Yatırımlar yanlış alanlara yönelir: Teoriye göre yatırımlar en fazla kâr elde edilen alanlara kayar. Bunu bir örnekle anlatalım.

Kâr Oranı

Alkollü İçki, sigara

%1

Savunma Sanayi

%100

Yukarıdaki tabloda iki sektör ve bu sektörlerde elde edilen kâr oranları bulunmaktadır. Siz yatırımcı olsanız hangisine yatırım yapmak istersiniz? Normal durumda kişiler savunma sanayinde yatırım yapmayı, fabrika açmayı düşünür. Ama eğer devlet sektöründeyse bu kural böyle işlemez. Türkiye’de “Tekel” diye bir kurum vardı. Daha da geriye dönersek “Uyuşturucu Maddeler İnhisarı” bile vardı. Tekel adı aslında tek satıcının olduğu piyasa türüne verdiğimiz bir ad. Türkiye’deki Tekel kurumu ise alkollü içki ve sigara sektöründe devletin tek satıcı olduğu kurumdur. Yıllarca Türkiye kaynaklarını alkollü içki ve sigara yatırımlarına kaydırdı. Özel sektör üç kuruş kazanacağı alkollü içki fabrikası yerine milyonları götüreceği yazılım, savunma sanayi, teknoloji alanını tercih eder. Bu arada Tekel kurumu nedeniyle Türkiye’de alkollü içki ve sigara tüketiminin yükselmesi sonucu ortaya çıkan zararları da hatırlatalım. “Alkole neden Yüksek Vergi Konmalı?” isimli makalemi okursanız nedenlerini daha açık anlarsınız. Vatandaşlarının çoğunun Müslüman olduğu ülkede bile devlete gereğinden fazla rol verirseniz bu tip hataları sıkça görebilirsiniz.

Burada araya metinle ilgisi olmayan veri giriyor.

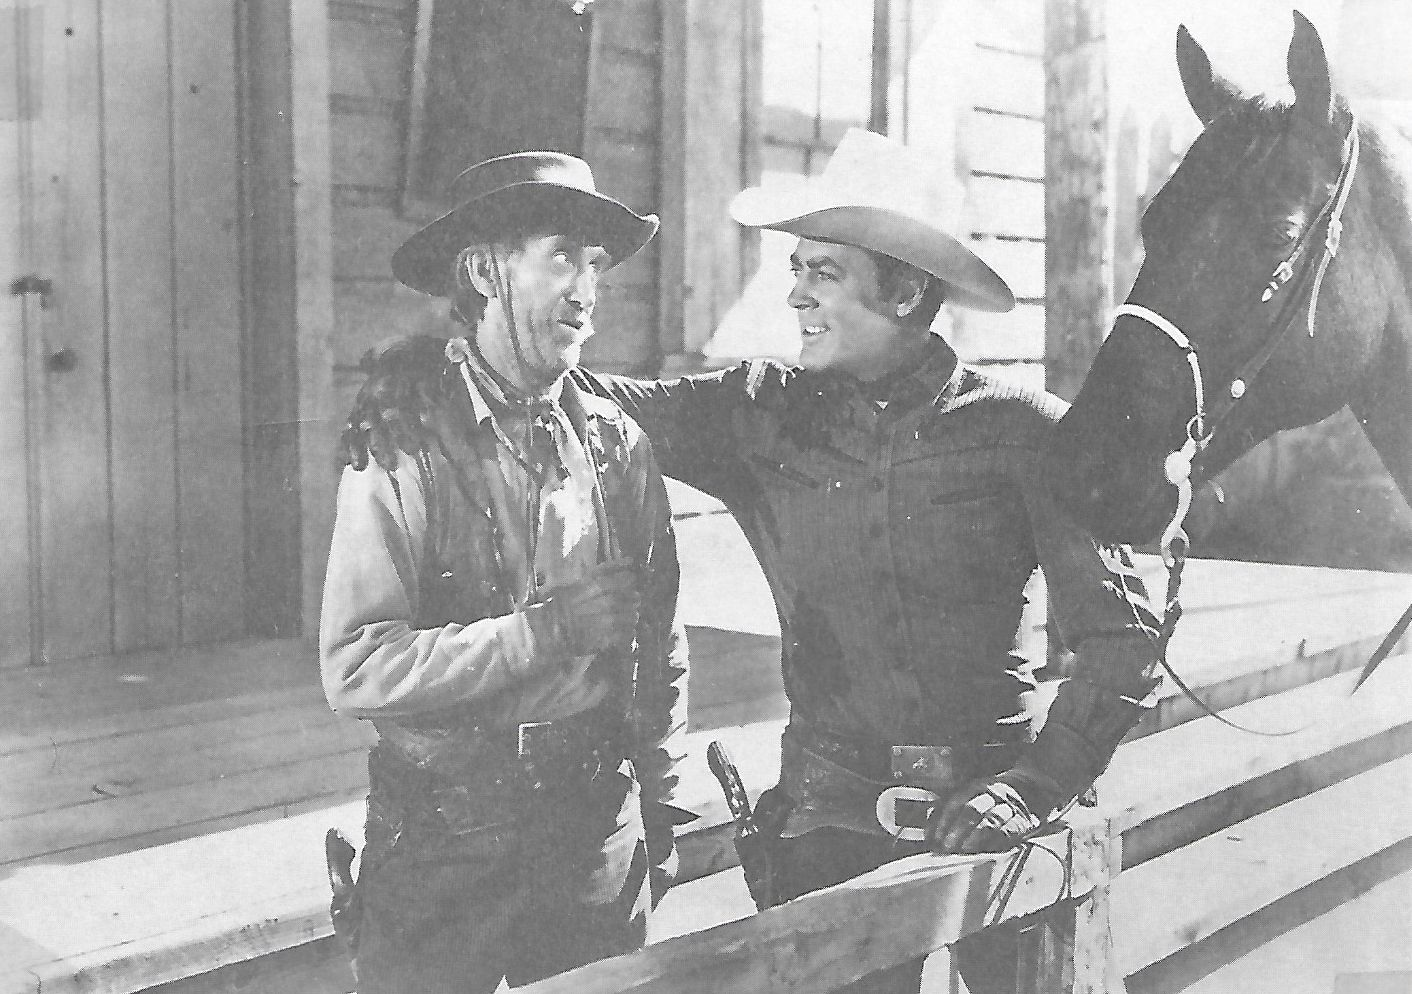 Allan Lane, Eddy Waller, and Black Jack in Sheriff of Wichita (1949)

Kamu kurumlarının kendini yenileyebilme kabiliyeti zayıftır: Kurumlar yıllar içinde sürekli gelişmelidir. Japonlar buna “Sürekli İyileşme” diyor. Yani kurumlar sürekli kaliteyi yükseltmeye, maliyetleri düşürmeye, ürün çeşitliliğini artırmaya çalışır. Devlet kurumları ise bu konuda zayıftır, kendilerini kolay kolay yenileyemez. Bu konuyu Sümerbank örneği üzerinden anlatalım. Sümerbank, ucuz hazır giyim ürünlerini üreten Devlet kuruluşu idi. Ben çocukken Eminönü’nde satış yeri vardı. Ürünleri sağlam idi ama kalite sadece sağlamlıkla sınırlı değildir. Renk, desen, ürün çeşitliliği gibi unsurlar da vardı. Sümerbank bu konuda çok zayıf kaldı. Hazır giyim sektöründe Türk özel sektörü yatırım yapmaya başlayınca kendini yenileyemeyen Sümerbank rekabet edemez hale geldi. Örneğin; LC Waikiki, De Facto, Cotton gibi markalara gittiğinizde bilmem kaç tane farklı gömlek, pantolon çeşidi ile karşılaşıyorsunuz ama Sümerbank’ta bu çeşitlilik yoktu, iki tip gömlek ve iki tip pantolon vardı. 1990’lı yıllarda Türkiye’de özel sektörün tekstil, hazır giyim alanında açılım yapması ile beraber rekabette geriye düştü. 1990’ların gençleri artık Sümerbank’tan giyinmeyi tercih etmiyordu. Bakmayın siz şimdi “Ah Ah! Sümerbank vardı” diye dövünen yaşlılara… Bu yaşlılar 1990’lı yıllarda gençlerdi ve Sümerbank’ın kapısının önünden geçmiyorlardı. 1970’li yılları yaşamadım, bilmem ama 1980’li yıllarda ise fazla alternatif olmadığı için halk mecburen gidiyordu.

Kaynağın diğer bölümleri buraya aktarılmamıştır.